As indicated in an earlier post, the 1332 has a larger engine. The 1132 had a displacement of 337cc while the 1332 has a displacement of 389cc. I'm no authority on such matters, but I did query a person who (rightly or wrongly) did convince me he knew what he was talking about. I asked him what the "horsepower" of this engine was and he said, there are too many factors which influence the power delivered by high-speed internal combustion engines, the only way to approximate the horsepower that an engine might produce is by "estimating" it by plugging in various engine specifics (bore stroke, cylinder diameter, etc) into formulas which have been created for the purpose of "estimating" H.P from engine displacement. In other words, I'm not so sure that it would be accurate to say the 1332 has 13 horsepower. It does, however, have a bigger engine than the 1132 by about 15%. Other factors also might serve to defeat any attempt to compare one snow blower's power to another by using HP as a criteria--e.g. wheels vs tracks, single stage vs. two stage, belt drive vs (in Honda's case) hydrostatic drive. Anyway, hope this helps.

Richard


----------



## tokoy

I used a Honda 1132 for 7 years to plow my steep home driveway. It was a powerful, trouble free machine (I do take very good mechanical care of it). The 1132 would climb my steep driveway plowing 10 inches of snow, throwing it 25 feet away and all the while dragging me up the hill behind it as I slid on my boot soles! Last year I purchase a Honda 1332. It has even more horsepower for work. I love these machines. My 1132 is for sale. I'm in the Boston area. Here is a very useful tip when for storage of the 1132 or 1332 for the off-season. You can disengage the transmission to pull/push the machine around, but it is tough going. I have a much better solution. Go to Home Depot and purchase their four wheel wood frame moving dolly that can support 1000 pounds (it costs $20). Remove the nuts on the bolts holding the two wheels to one of the carpet-covered cross members. Then remove that carpet-covered cross member from the two perpendicular cross members. Cut seven inches off each of the perpendicular cross members so that, when you drill new holes for the bolts and reattached the carpet-covered cross member and wheels, the distance between the centers of the two carpet-covered cross members will be 18 inches ... the same as the distance between the centers of the 1132 and 1332 tracks. When you are getting ready to prep your blower for summer storage, first wash it. Then use a piece of plywood as a ramp up to the dolly.
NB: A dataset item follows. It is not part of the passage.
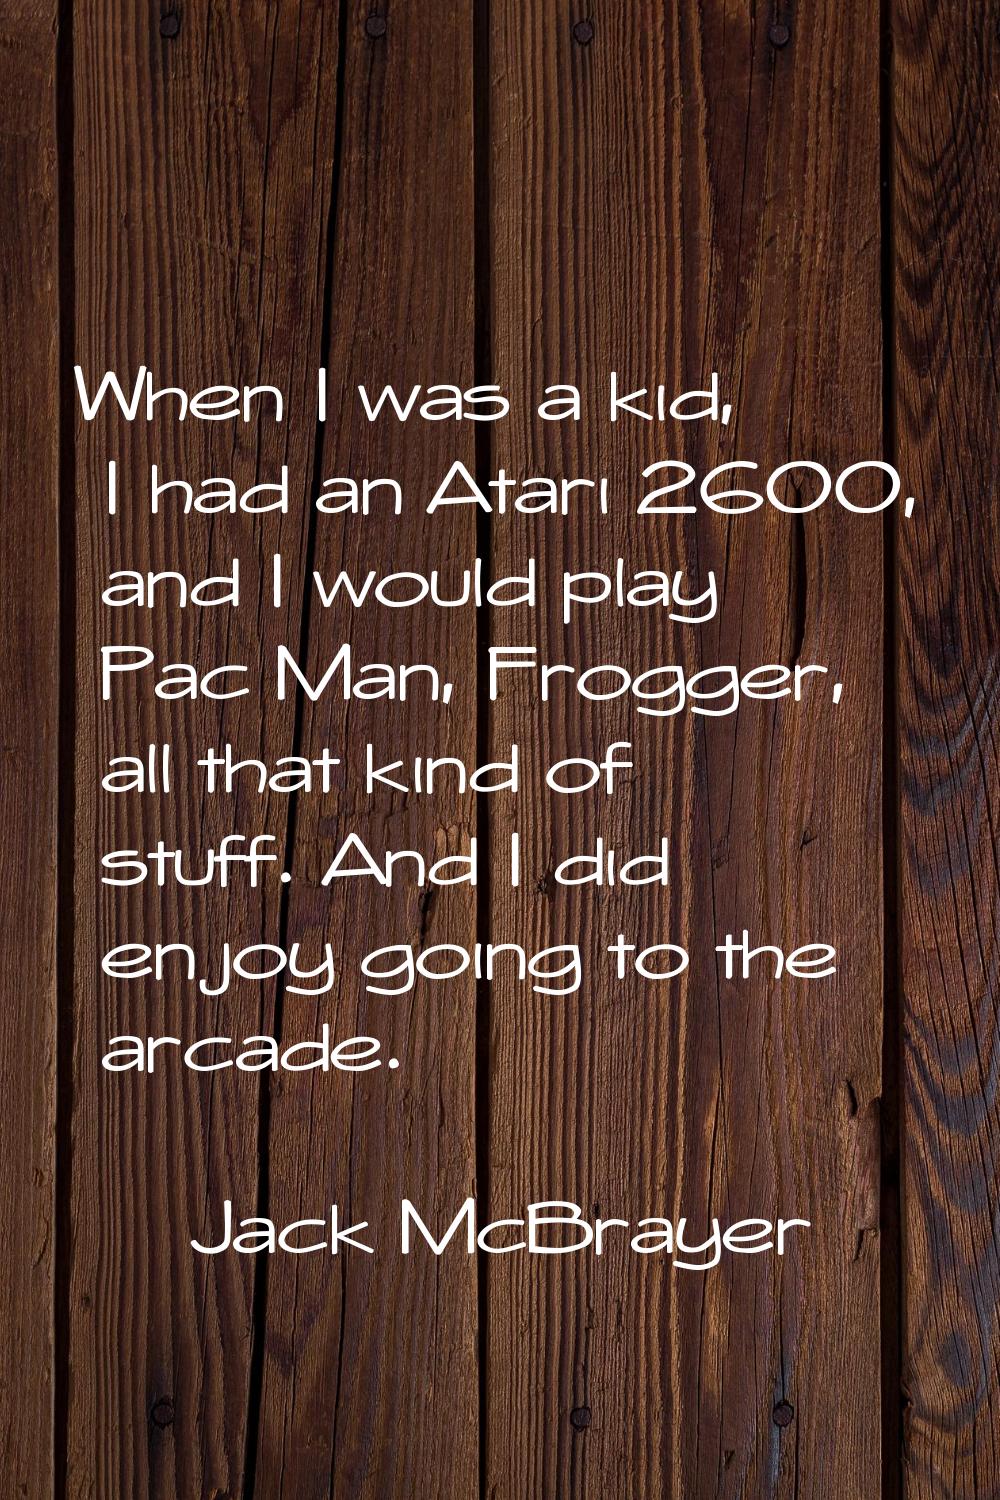 When I was a kid, I had an Atari 2600, and I would play Pac Man, Frogger, all that kind of stuff. A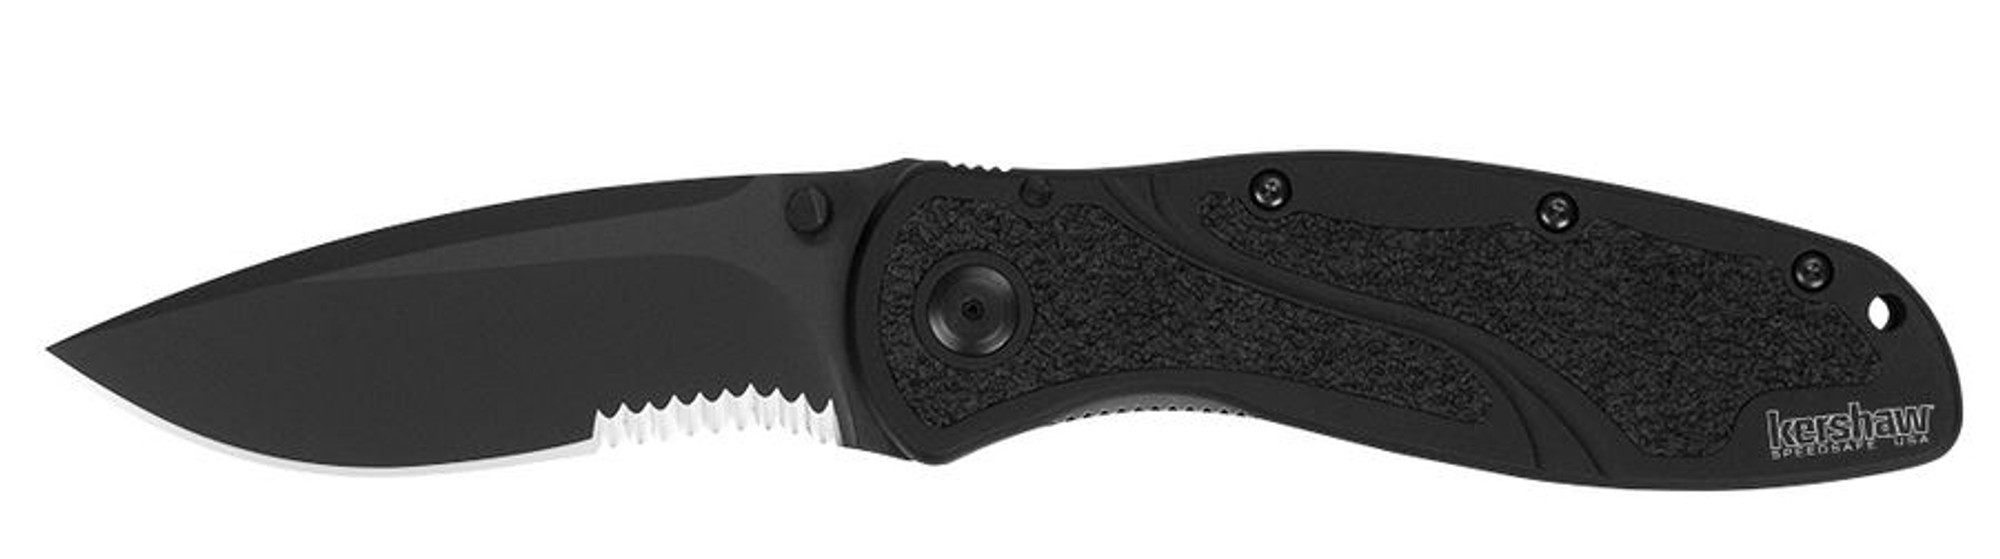 Kershaw 1670BLKST Blur Black Partially Serrated Assisted Opening

Back the blower in reverse up the ramp and on to the dolly. The tracks will fit perfectly on the carpet-covered cross members, both length and width. The blower can now be easily wheeled around the garage. CAUTION: the heavy auger end makes the plow front heavy, so you want to be careful moving it in the forward direction until you use a ratchet tie down strap across the back of the blower to fastened it firmly to the dolly. Once strapped down, the blower-dolly combination is very stable. Once on the dolly, I prep my plow (drain gas, change oil, clean and gap spark plug, etc.). Then I just wheel it to its storage location. Well, my experiences with the 1132 and 1332 have been excellent. It out performs all the other walk behind blowers I've seen or used.


----------